Doç. Dr. Abdulaziz Hatip
112
Yine Hz. Muhammed’ten yüz yıllar önce yaşamış Yunanlı filozof
Demokritos’un ortaya attığı ve ondan sonra da asırlarca kabul edilegelen
“atom” nazariyesine göre, alem görülemeyecek kadar küçük ve
parçalanamayan madde parçacıklarından, yani zerrelerden oluşmaktadır.
Araplar da bunu böyle biliyor ve kabul ediyorlardı. Zaten, Arapça’da
“zerre”, insanlarca bilinen en küçük cisim anlamına gelir. Oysa günümüzde
modern ilim artık keşfetmiştir ki, maddenin bu en küçük biriminin, ait
olduğu maddenin özelliklerini taşıyan atom da parçacıklara ayrılıyor ve
bölünebiliyor. Bu da geçtiğimiz asırda bulunmuş yeni bir gerçektir. Oysa
Kur’ân-ı Kerim bu gerçeği bundan 14 asır önce kesin bir dille ifade etmiştir.
İlgili ayet şu mealdedir:
“Herhangi bir işte bulunsan, onun hakkında Kur’ân’dan herhangi bir şey
okusan, Sen ve ümmetinin fertleri her ne iş yapsanız, siz o işe dalıp
coştuğunuzda, mutlaka Biz her yaptığınızı görürüz. Yerde olsun, gökte
olsun, zerre ağırlığınca bir varlık bile Rabbinin ilminden kaçmaz. Ne bundan
küçük, ne bundan büyük hiçbir şey yoktur ki, hepsi apaçık bir kitapta
olmasın” (Yunus: 61).
Hiç şüphesiz konuya ilişkin böyle net bir ifade o dönem Araplarının
aşina oldukları bir şey değildi. Onlar, zerreyi mevcut varlıkların en küçüğü
olarak biliyorlardı. Bu da Kur’ân’ın, zamanların anlayış ve teorileriyle
sınırlanmayan hak bir kitap olduğunun delilidir.

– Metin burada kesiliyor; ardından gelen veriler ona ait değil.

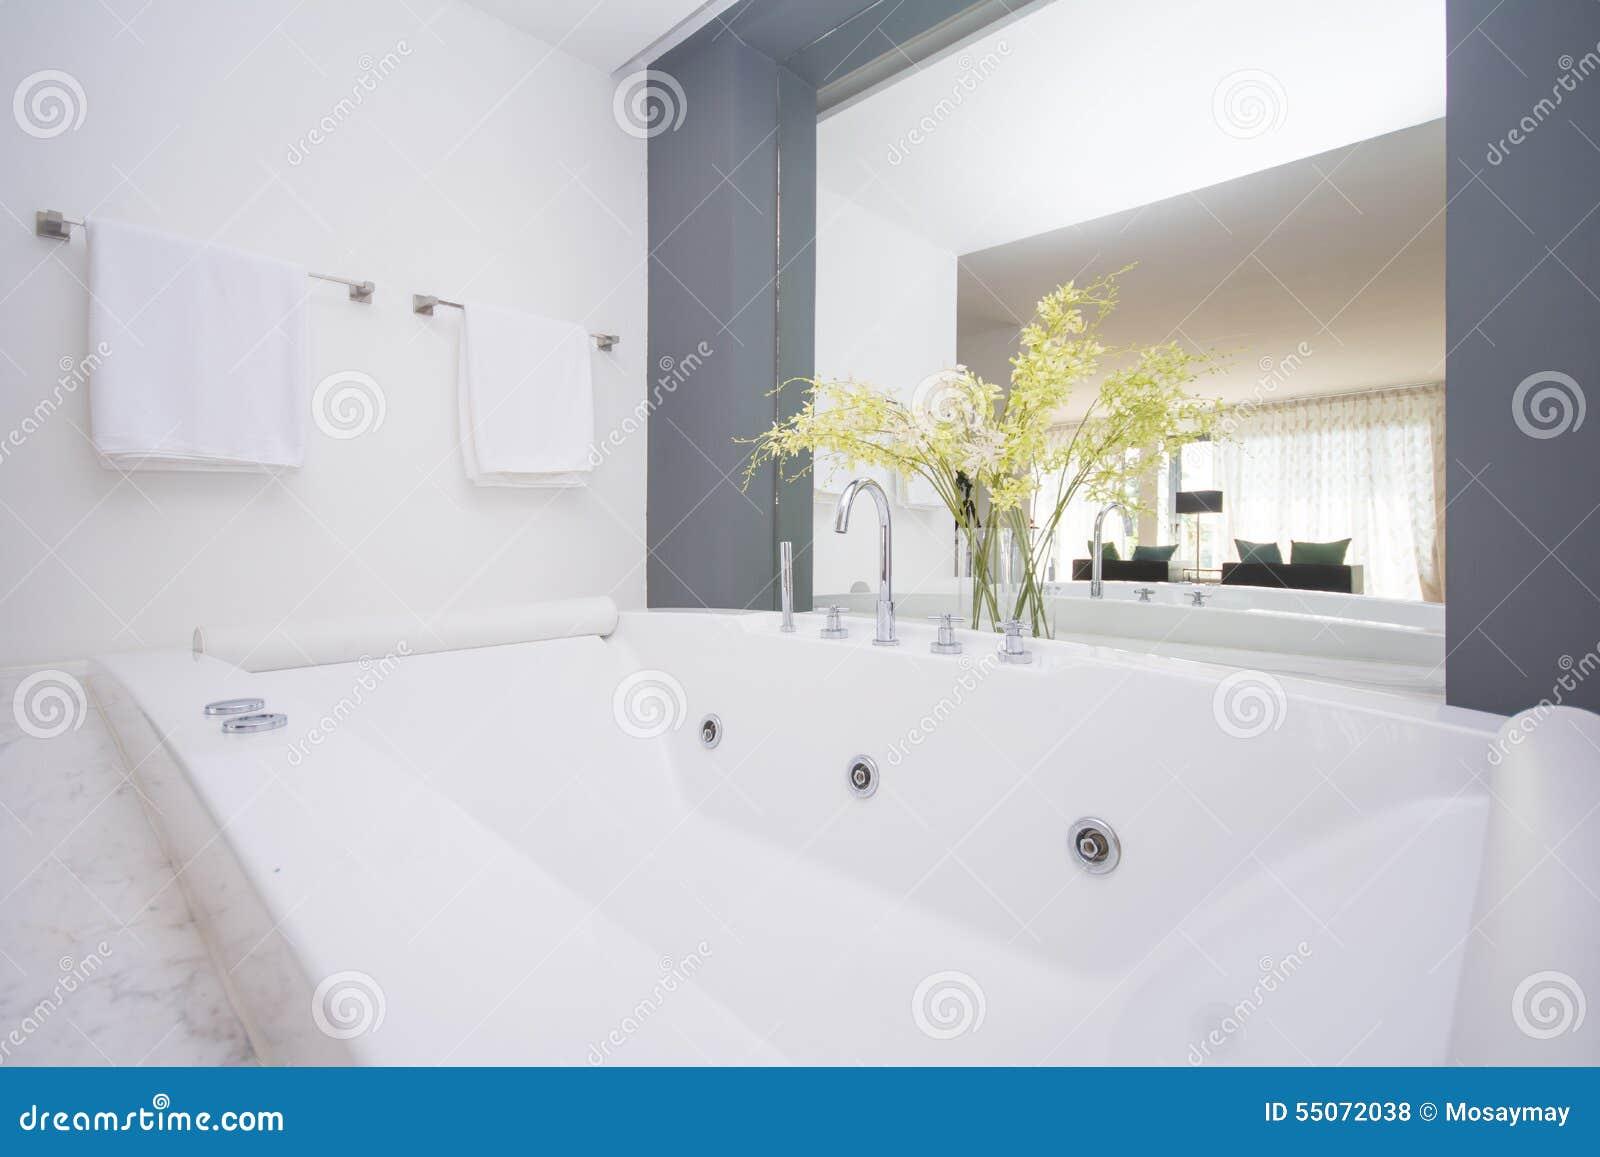 Grande Baignoire De Luxe Dans La Salle De Bains Photo stock - Image ...

Kur’ân-ı Kerim’in, insan sağlığı, gıda ve temizlikle ilgili tespit ve
öğütleri de zamanın eskitemediği, tersini ortaya koyamadığı, aksine
haklılığını kanıtladığı bir mu’cizelik yönüdür. Kur’ân’da vahyedilen bu
gerçekler, tüm zamanların tecrübeleri karşısında ayakta kalmayı
başarabilmiştir.
Tüm bunlardan anlaşılmaktadır ki, Kur’ân, Yüce Allah’tan vahiy yoluyla
gelmiştir. Onda yer alan her bilgi İlâhî bir asla dayanmaktadır. O, henüz
yaratılmışlar yokken Allah’ın kelamıydı. Dolayısıyla onda, eklenebilecek,
atılabilecek veya düzeltilebilecek bir bilgi yoktur.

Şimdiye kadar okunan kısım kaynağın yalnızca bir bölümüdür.